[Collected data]
━━━━━━━━

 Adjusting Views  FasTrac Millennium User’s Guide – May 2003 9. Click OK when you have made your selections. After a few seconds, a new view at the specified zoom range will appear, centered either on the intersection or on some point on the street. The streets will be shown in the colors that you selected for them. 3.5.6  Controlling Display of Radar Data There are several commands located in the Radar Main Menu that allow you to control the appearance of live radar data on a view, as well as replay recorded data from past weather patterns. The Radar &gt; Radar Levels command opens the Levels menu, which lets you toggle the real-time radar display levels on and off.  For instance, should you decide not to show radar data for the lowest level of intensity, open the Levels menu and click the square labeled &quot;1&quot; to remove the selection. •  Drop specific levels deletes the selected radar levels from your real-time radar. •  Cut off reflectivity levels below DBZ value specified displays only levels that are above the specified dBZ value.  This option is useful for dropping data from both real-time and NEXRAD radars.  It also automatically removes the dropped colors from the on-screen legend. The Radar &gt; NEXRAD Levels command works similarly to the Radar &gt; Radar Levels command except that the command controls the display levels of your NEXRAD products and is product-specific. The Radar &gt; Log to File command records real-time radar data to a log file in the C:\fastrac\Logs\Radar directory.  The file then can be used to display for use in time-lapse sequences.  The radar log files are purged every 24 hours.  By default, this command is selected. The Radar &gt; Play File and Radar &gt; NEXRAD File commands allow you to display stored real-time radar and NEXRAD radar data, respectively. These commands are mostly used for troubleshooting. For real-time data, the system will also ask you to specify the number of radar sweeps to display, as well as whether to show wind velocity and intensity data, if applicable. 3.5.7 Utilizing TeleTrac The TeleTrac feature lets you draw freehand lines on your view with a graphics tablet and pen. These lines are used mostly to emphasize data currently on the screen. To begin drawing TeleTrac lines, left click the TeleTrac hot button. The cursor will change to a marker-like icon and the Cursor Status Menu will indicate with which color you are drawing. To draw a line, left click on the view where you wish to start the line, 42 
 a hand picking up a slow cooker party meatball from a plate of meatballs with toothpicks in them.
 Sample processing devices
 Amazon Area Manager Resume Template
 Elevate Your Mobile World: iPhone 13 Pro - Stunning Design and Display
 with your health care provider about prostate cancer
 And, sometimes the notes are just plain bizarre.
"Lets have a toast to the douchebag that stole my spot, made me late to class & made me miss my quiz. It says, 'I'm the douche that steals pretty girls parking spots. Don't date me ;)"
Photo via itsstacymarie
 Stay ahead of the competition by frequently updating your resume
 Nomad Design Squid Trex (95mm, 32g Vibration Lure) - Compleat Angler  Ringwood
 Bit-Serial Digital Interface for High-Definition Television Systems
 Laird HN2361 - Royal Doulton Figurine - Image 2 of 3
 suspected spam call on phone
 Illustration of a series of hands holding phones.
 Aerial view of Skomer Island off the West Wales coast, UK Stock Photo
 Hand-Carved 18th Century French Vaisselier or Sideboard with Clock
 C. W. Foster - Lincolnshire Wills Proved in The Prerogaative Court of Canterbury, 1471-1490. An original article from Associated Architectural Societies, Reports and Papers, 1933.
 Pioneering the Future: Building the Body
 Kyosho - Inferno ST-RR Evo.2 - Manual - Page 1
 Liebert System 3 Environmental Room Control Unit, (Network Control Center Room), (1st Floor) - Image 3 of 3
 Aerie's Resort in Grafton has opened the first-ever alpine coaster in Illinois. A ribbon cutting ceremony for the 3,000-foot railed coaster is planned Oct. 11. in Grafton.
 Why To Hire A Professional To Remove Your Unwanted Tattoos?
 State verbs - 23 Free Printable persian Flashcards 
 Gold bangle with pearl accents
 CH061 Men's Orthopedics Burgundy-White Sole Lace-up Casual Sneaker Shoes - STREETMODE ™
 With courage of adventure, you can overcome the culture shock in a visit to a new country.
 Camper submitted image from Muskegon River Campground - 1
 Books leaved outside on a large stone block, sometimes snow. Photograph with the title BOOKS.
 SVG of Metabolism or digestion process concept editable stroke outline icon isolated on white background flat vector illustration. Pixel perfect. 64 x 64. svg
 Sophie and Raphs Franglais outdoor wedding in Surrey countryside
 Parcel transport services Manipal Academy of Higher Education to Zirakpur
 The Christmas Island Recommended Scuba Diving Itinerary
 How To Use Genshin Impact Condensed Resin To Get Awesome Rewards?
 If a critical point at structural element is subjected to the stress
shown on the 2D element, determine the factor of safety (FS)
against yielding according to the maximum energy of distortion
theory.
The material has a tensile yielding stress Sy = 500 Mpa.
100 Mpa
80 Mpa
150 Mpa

━━━━━━━━

PROBLEM TO WORK ON
Repeat exactly the lines from the line containing "Sophie and Raphs" through the last line of the records above, including both, and nothing else.

RESULT
 Sophie and Raphs Franglais outdoor wedding in Surrey countryside
 Parcel transport services Manipal Academy of Higher Education to Zirakpur
 The Christmas Island Recommended Scuba Diving Itinerary
 How To Use Genshin Impact Condensed Resin To Get Awesome Rewards?
 If a critical point at structural element is subjected to the stress
shown on the 2D element, determine the factor of safety (FS)
against yielding according to the maximum energy of distortion
theory.
The material has a tensile yielding stress Sy = 500 Mpa.
100 Mpa
80 Mpa
150 Mpa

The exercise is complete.